DB Schema Round 5

cbrumbaugh · 8 January 2020 05:00

Change log

Renamed columns called “name” to “content”
Added status and post_status tables
Added upvotes_cast, downvotes_cast, profile_views, and reputation to member_community_table
Added column called 'views" for counting the number of views on a question.
Removed the unique constraint on the (community,title) combination.

member
This table will hold the global user records for an Codidact Instance. A user should only have one email to login with, that would be stored here. I am leaving the password storage and hashing to the experts.

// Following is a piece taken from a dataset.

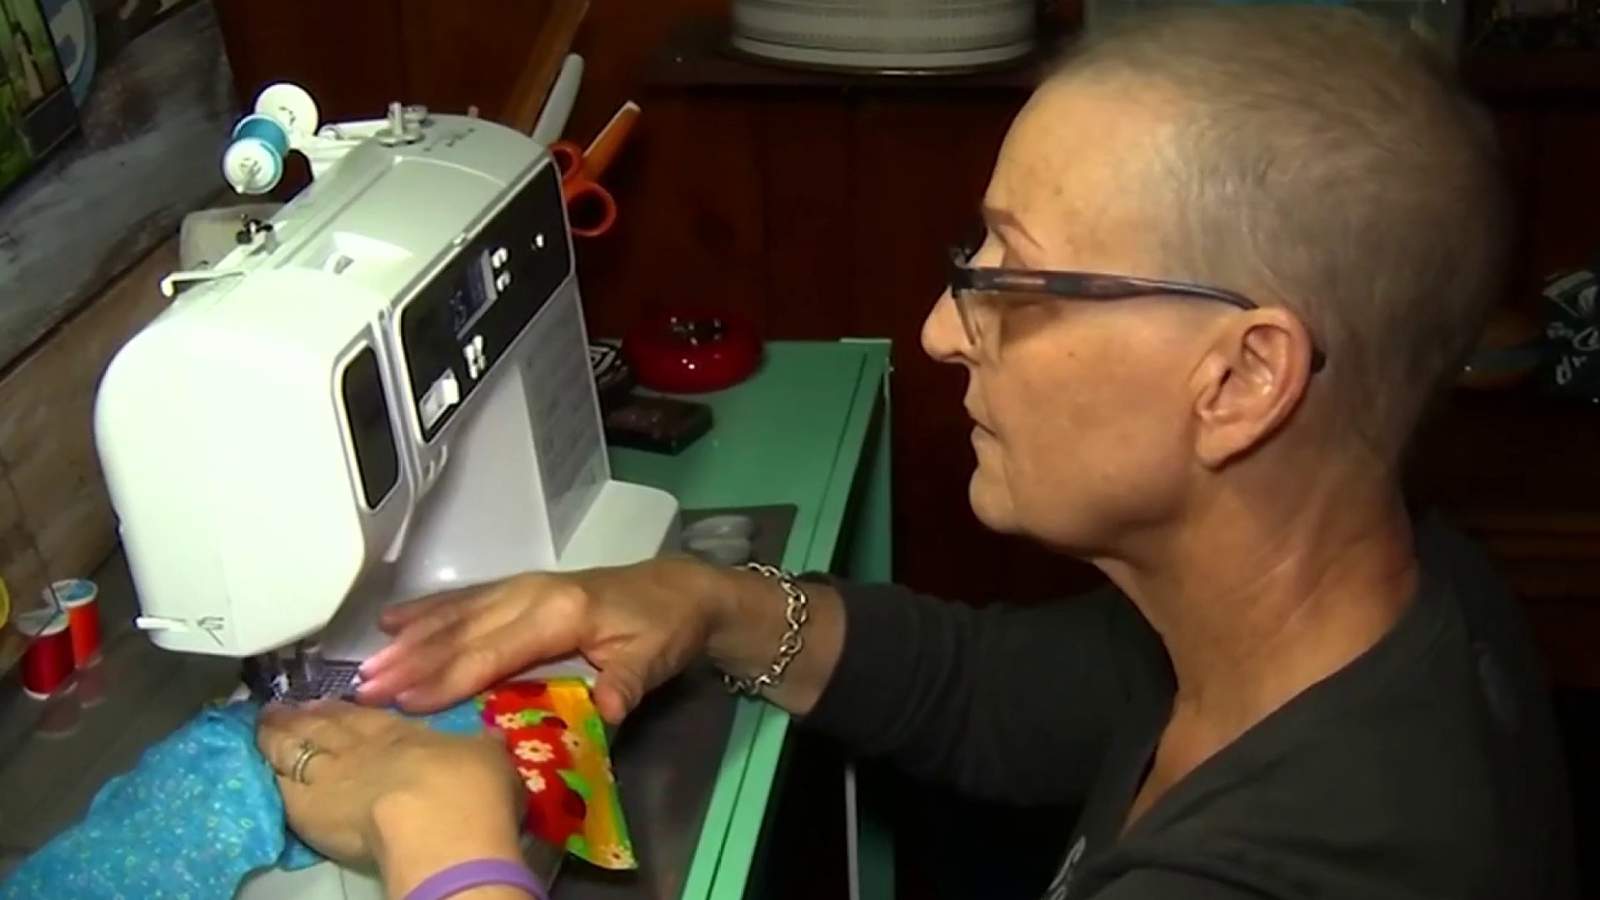 See why this cancer patient sews hundreds of masks and shares them across the country

display_content (text 100)
bio (text)
email (text 255) UNQIUE
gravatar_hash (text)
location (text 100)
is_from_stack_exchange (boolean default FALSE)
stack_exchange_id (bigint)
stack_exchange_validated (date)
stack_exchange_last_imported (date)
is_email_verified (boolean default FALSE)
is_suspended (boolean default FALSE)
suspension_end_date (date)

community
Table for each of the individual sites inside of a Codidact installation

content (text 40) UNQIUE
tagline (text 100) UNQIUE
url (text 255) UNQIUE
status (enum)

trust_level
This needs to be specific to a site for when we get different language sites and it needs to be localized.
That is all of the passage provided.